◆ **SUPPLIED MATERIAL**:
#####

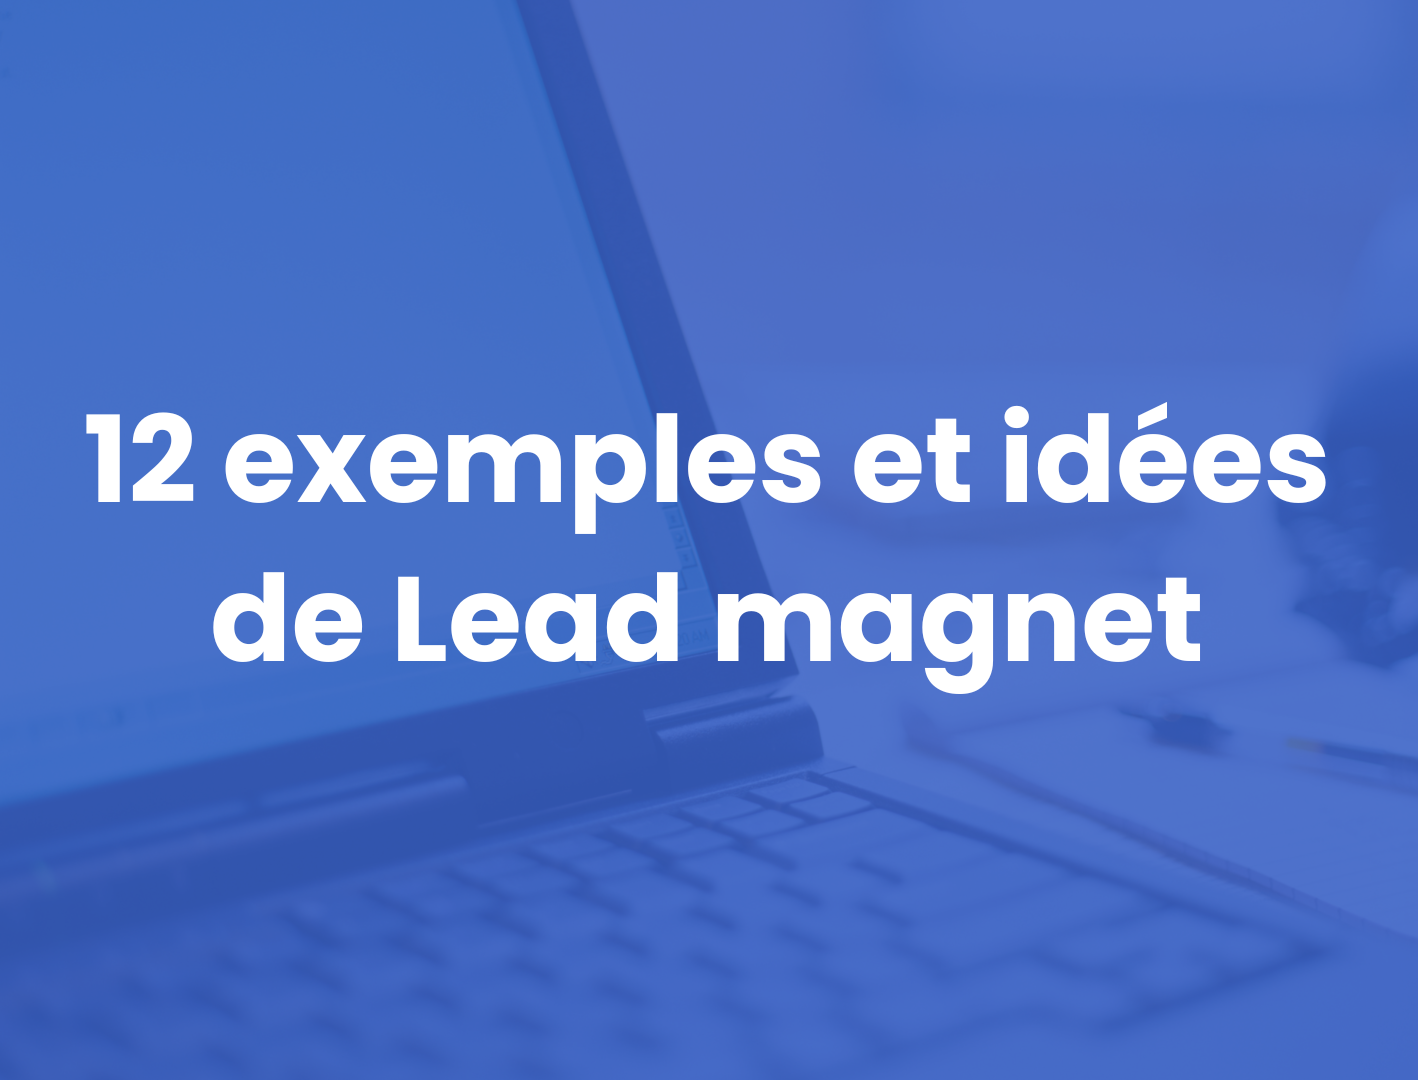 Lead magnet : plus de 12 exemples et un guide pour en créer
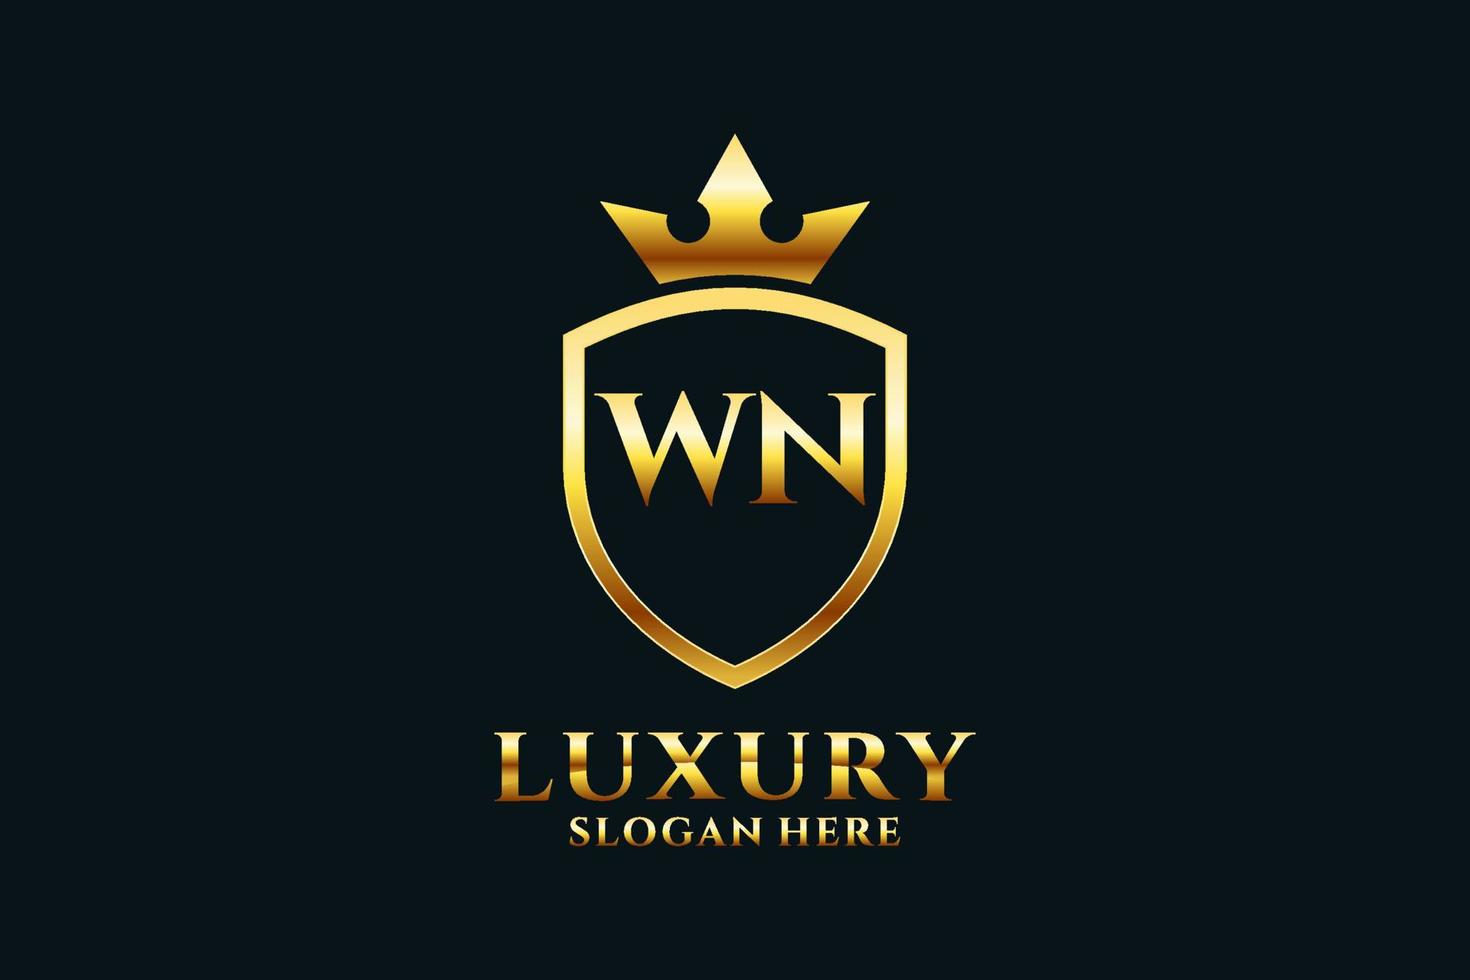 logo monogramme de luxe élégant initial wn ou modèle de badge avec volutes et couronne royale - parfait pour les projets de marque de luxe vecteur
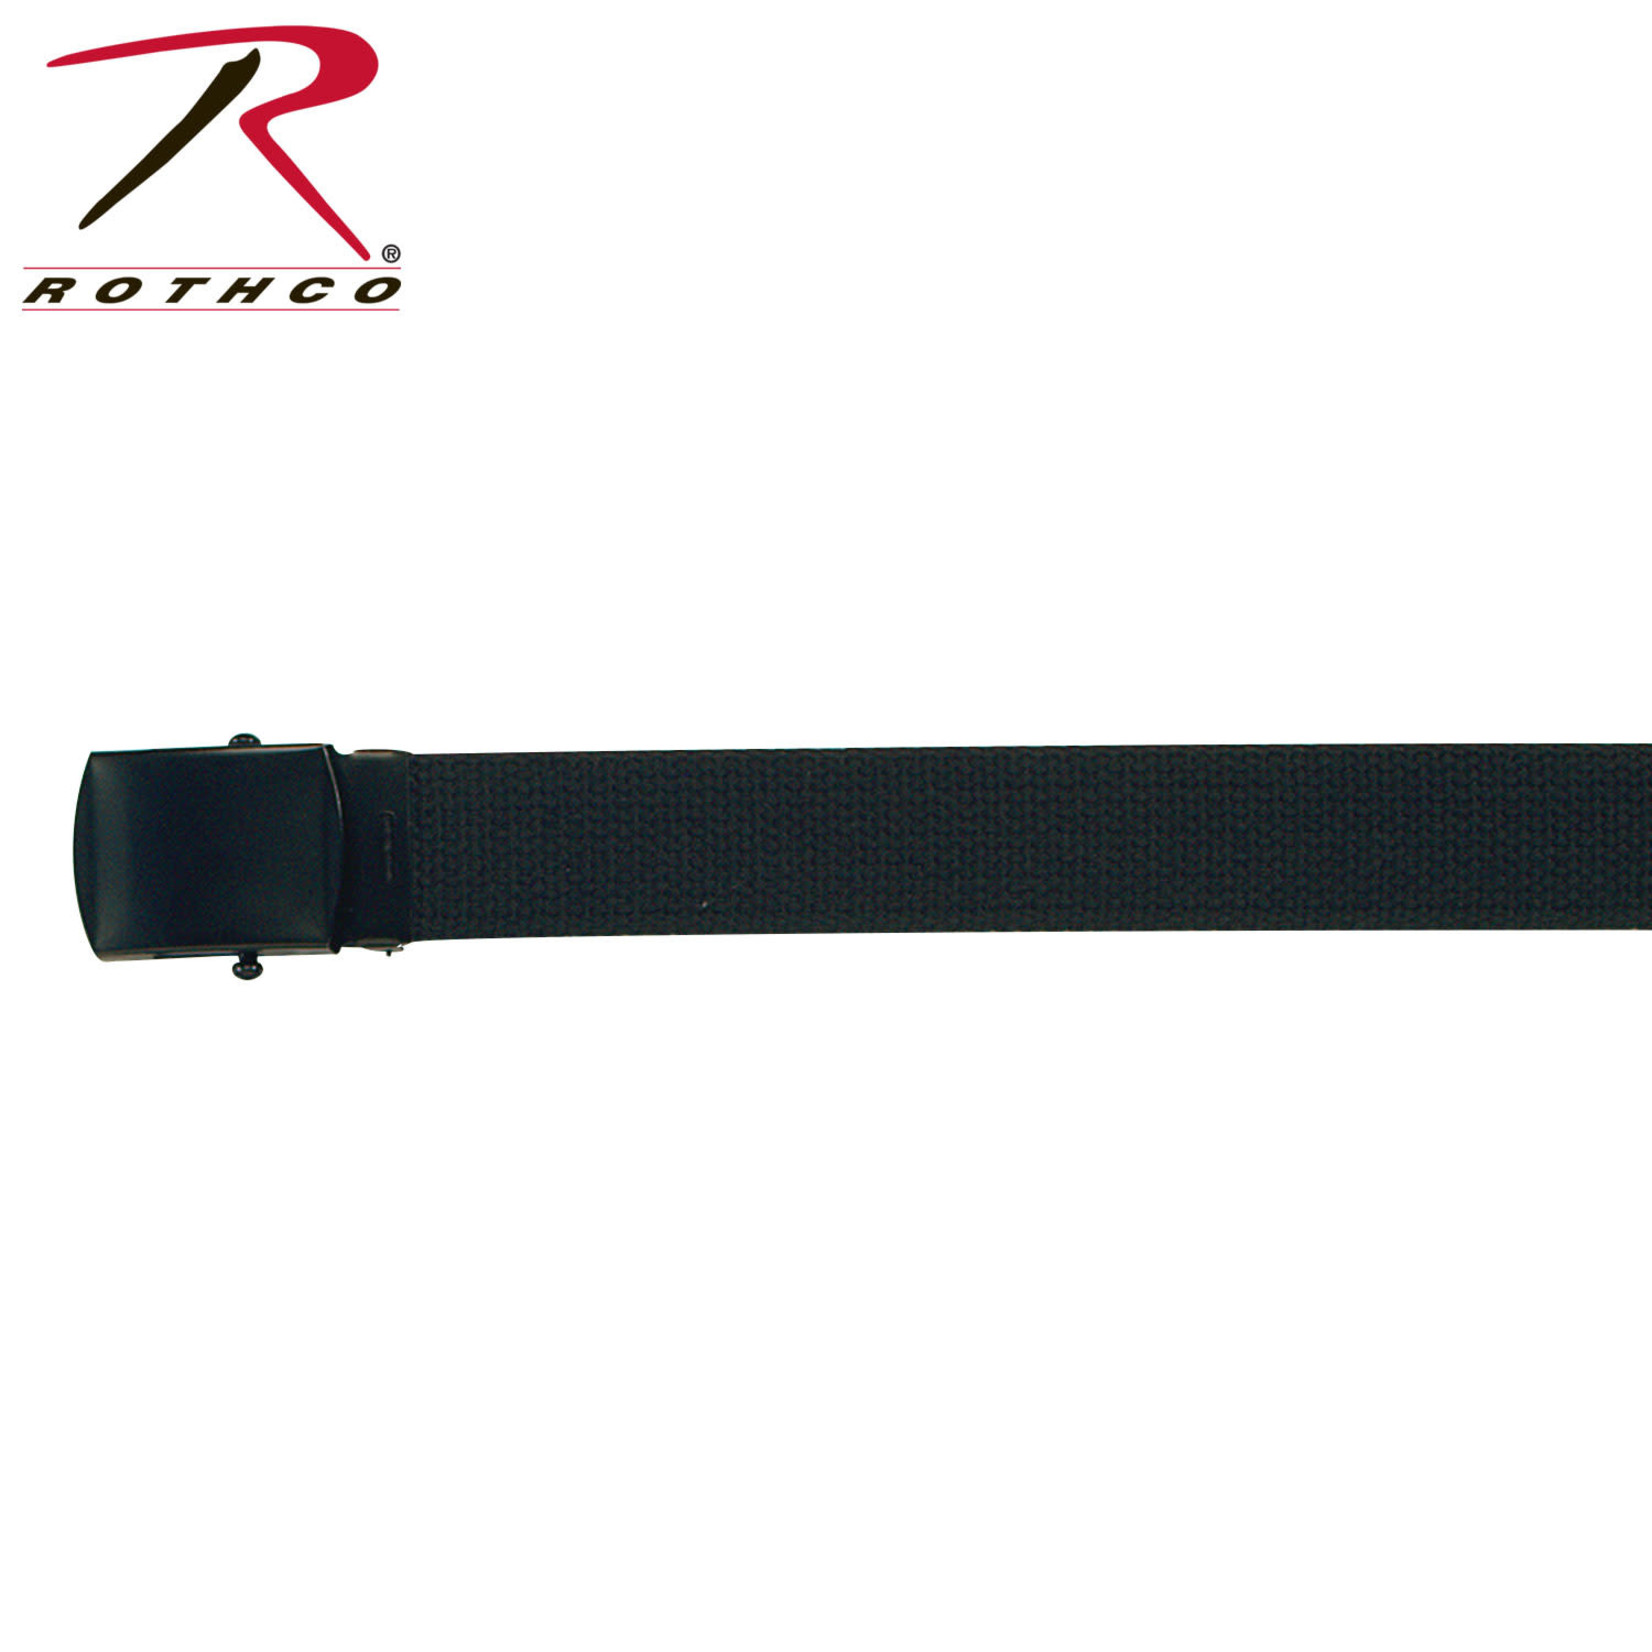 Rothco Rothco Solid Color Web Belt - 44"

#####

◆ **EXERCISE DESCRIPTION**: Reproduce the data verbatim. Do not carry any picture into the copy.

◆ **SOLUTION TO THIS PROBLEM**:
 Lead magnet : plus de 12 exemples et un guide pour en créer
 logo monogramme de luxe élégant initial wn ou modèle de badge avec volutes et couronne royale - parfait pour les projets de marque de luxe vecteur
 Rothco Rothco Solid Color Web Belt - 44"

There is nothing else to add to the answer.